# Cessna L-19 recovered after 47 years



## evangilder (Aug 15, 2005)

Interesting



> A Cessna L-19 Bird Dog was recovered on Saturday from the bottom of a Minnesota lake, where it had rested beneath 40 feet of water since 1958. The recovery team used a large winch mounted on a pontoon boat to hoist the airplane, then towed it to shore. Divers also found a flight log, parachutes and headphones. The wreck was discovered by accident in July 2004, when fishermen in search of walleye scanned the area with an underwater camera. The Army airplane crashed after the pilot, Capt. Richard P. Carey, reported he was low on fuel and then apparently hit some seagulls and crashed into the lake. Carey was killed and his body was recovered two weeks later, but the aircraft was never found. Local organizations, including an American Legion post and an EAA chapter, plan to restore the airplane and display it as a memorial to its pilot.


----------



## Nonskimmer (Aug 15, 2005)

Wow, what a great discovery. I mean it's a shame about the pilot, but it's nice that the Legion and the EAA plan to restore the plane.


----------



## FLYBOYJ (Aug 15, 2005)

WOW!

There are 22 Bird Dogs sitting at an Army base in Thailand, US property.

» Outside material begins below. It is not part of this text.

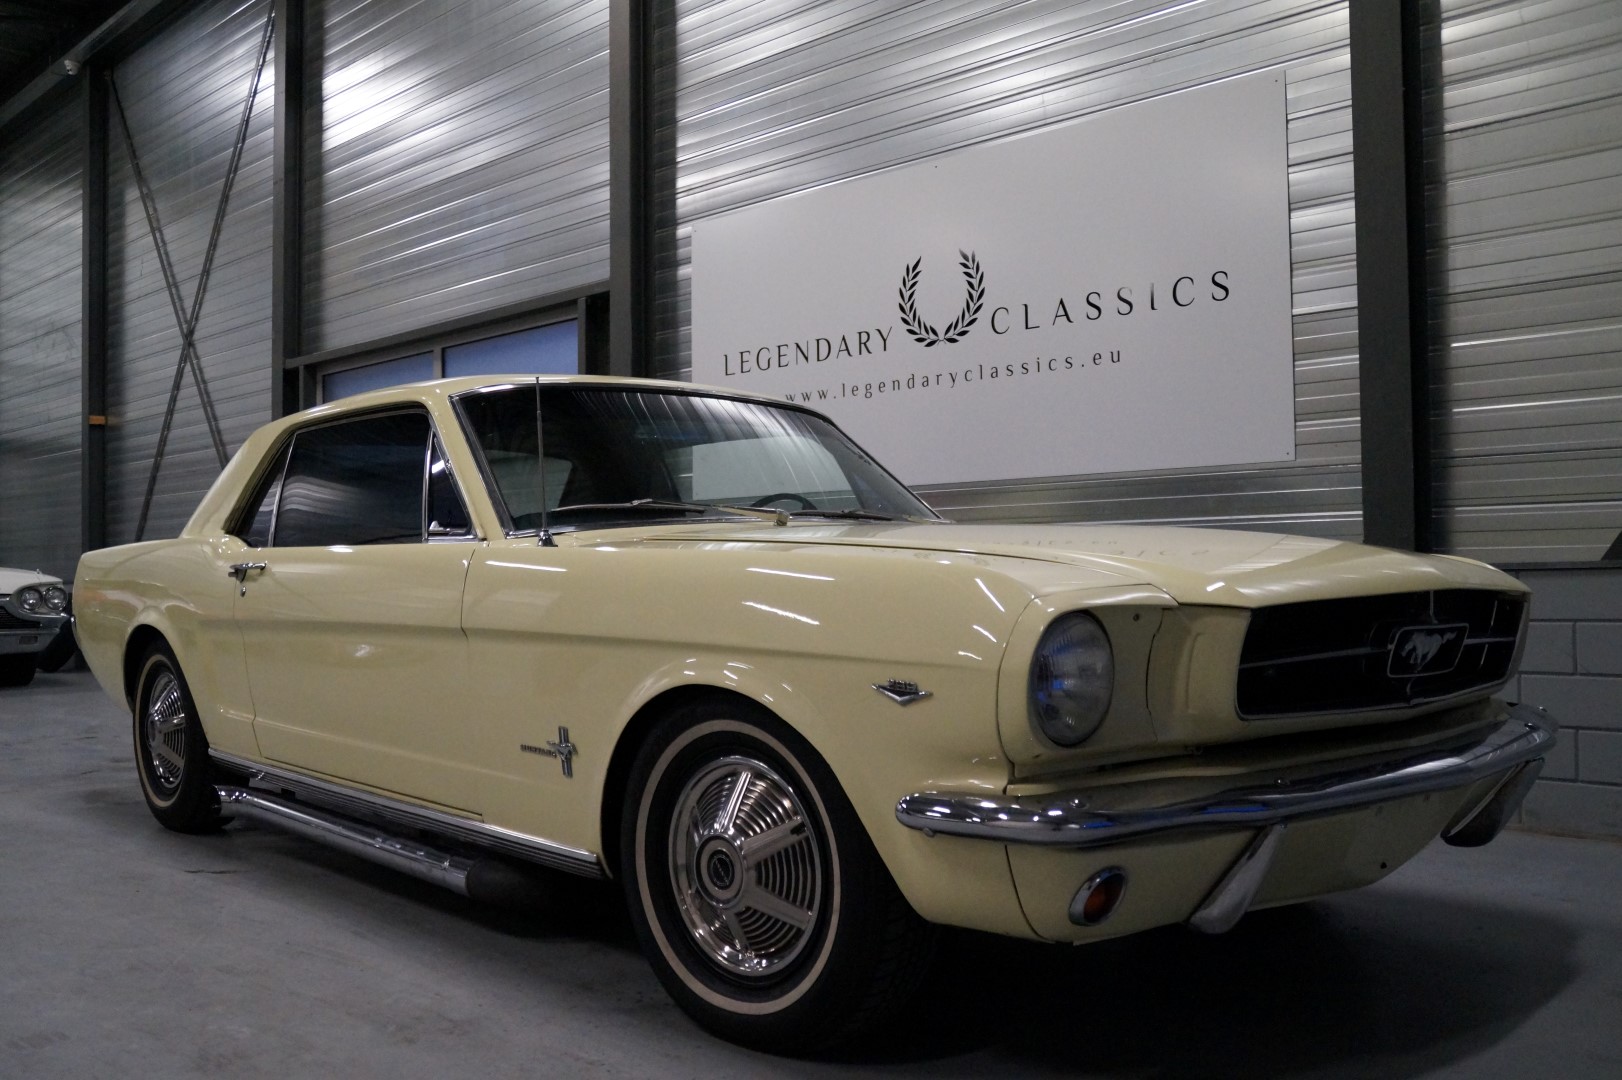 Buy this Ford Mustang   at Legendary Classics (1)

When I was there in 2000, the base commander told me if you could figure a way to get the state dept. to turn them over to you, the're yours!


----------



## evangilder (Aug 15, 2005)

Getting a response out of the state department might be more work than restoring this one!


----------



## Nonskimmer (Aug 15, 2005)

22 of them? I wonder why they just left them there.


----------



## evangilder (Aug 15, 2005)

Probably left over in case some spooks want to use them at some future date. Joe, were they in flyable condition, or just left to rot?


----------



## Gnomey (Aug 15, 2005)

Good find, shame about the pilot but at least it is now being restored in memory of him


----------



## Nonskimmer (Aug 15, 2005)

evangilder said:


> Probably left over in case some spooks want to use them at some future date.


Hmmm. Could be.


----------



## FLYBOYJ (Aug 17, 2005)

Nonskimmer said:


> 22 of them? I wonder why they just left them there.

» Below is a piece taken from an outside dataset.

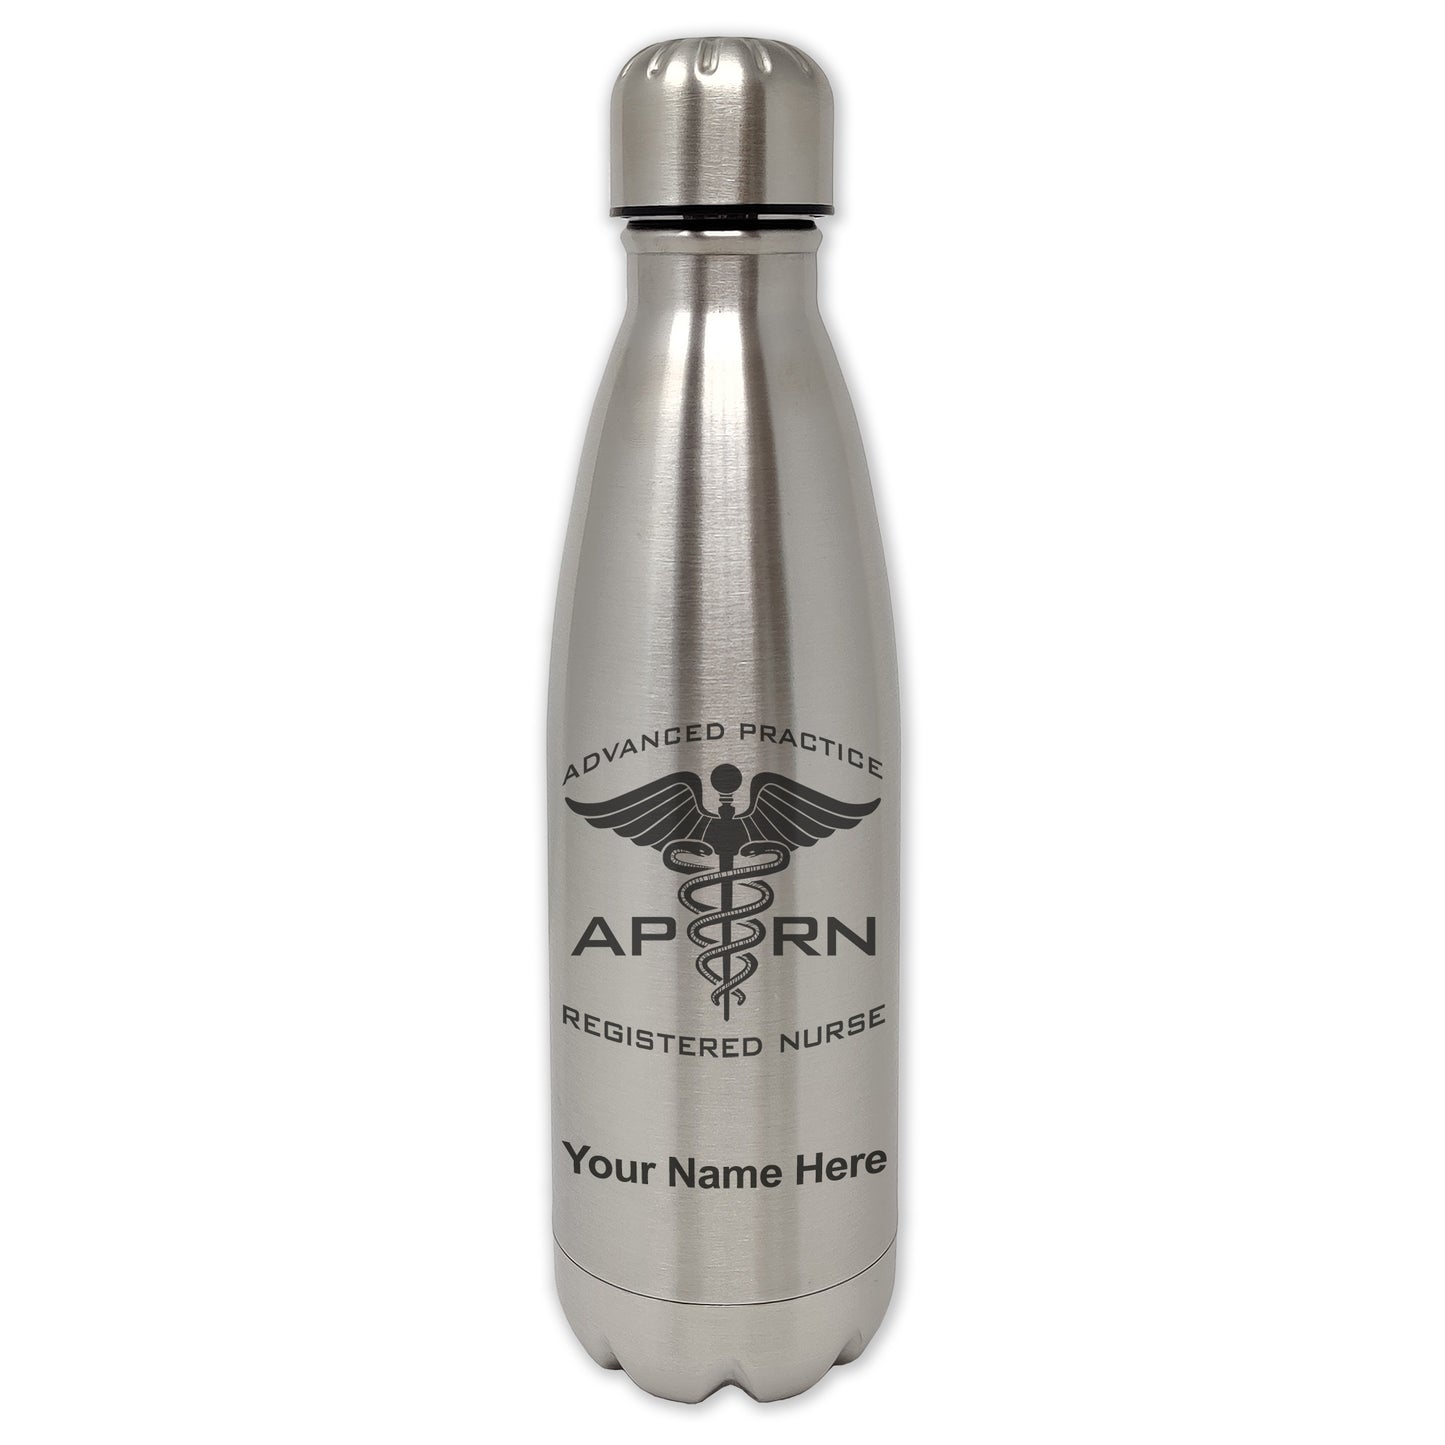 LaserGram Double Wall Water Bottle, APRN Advanced Practice Registered Nurse, Personalized Engraving Included

They were old MAP planes. The Thai army replaced them with T-41s. They were actually in great shape! I got some fuzzy photos of them, I'll try to post them when I get back to Colorado.


----------



## Nonskimmer (Aug 17, 2005)

That'd be great. Thanks, FJ.


----------



## FLYBOYJ (Aug 23, 2005)

Hey, here they are


----------



## Nonskimmer (Aug 23, 2005)

Ah, right on. Thanks.


----------



## evangilder (Aug 23, 2005)

Looks like at least one had a cockpit stripped.


----------



## FLYBOYJ (Aug 23, 2005)

Yes - I showed how they varied from one extreme to another. Airframe wise they were all in great shape, although they had these hornets nested in some of them. The little buggers were tiny, their stinger couldn't penetrate the skin, but you could feel a pinch eveytime one of them tried to sting you!

One of the "Honchos" there told me that if you could find the right contact at the US State Deparment, you could have them. He also said they were taking up room on his base!


----------



## Farang (Nov 7, 2009)

Not sure if these are the same aircraft as refrered to earlier but these pictures were taken in 2007. They need a good home.


----------



## Farang (Nov 7, 2009)

The pictures;


----------



## gumbyk (Nov 8, 2009)

Hmmm, If they've been sitting there for 9 years, wouldn't they be classed as 'abandoned'?

I know that anything that was left behind when the US pulled out of Vietnam, the US Govt didn't want to know about. Basically, as far as they were concerned, they didn't exist. Different situations, I know, but they US have walked away and abandoned them.


----------



## vikingBerserker (Nov 8, 2009)

Oh man, that's a shame.


----------



## FLYBOYJ (Nov 8, 2009)

The pic I took were at Lo Pori (sp?) Army Air Base. Where was those pictures taken at?


----------



## ian lanc (Nov 11, 2009)

hmmm ! Maybe we could fuel one up and pinch one they look uncared for.


----------



## mac1va (Jan 30, 2010)

anyone know the exact location or coordinates of these bird dogs??????


----------



## Grimreaper200869 (Jun 8, 2010)

I wonder how hard it would be to get one of those bird dogs outa there ??? does anyone know or have contacts anywhere????


----------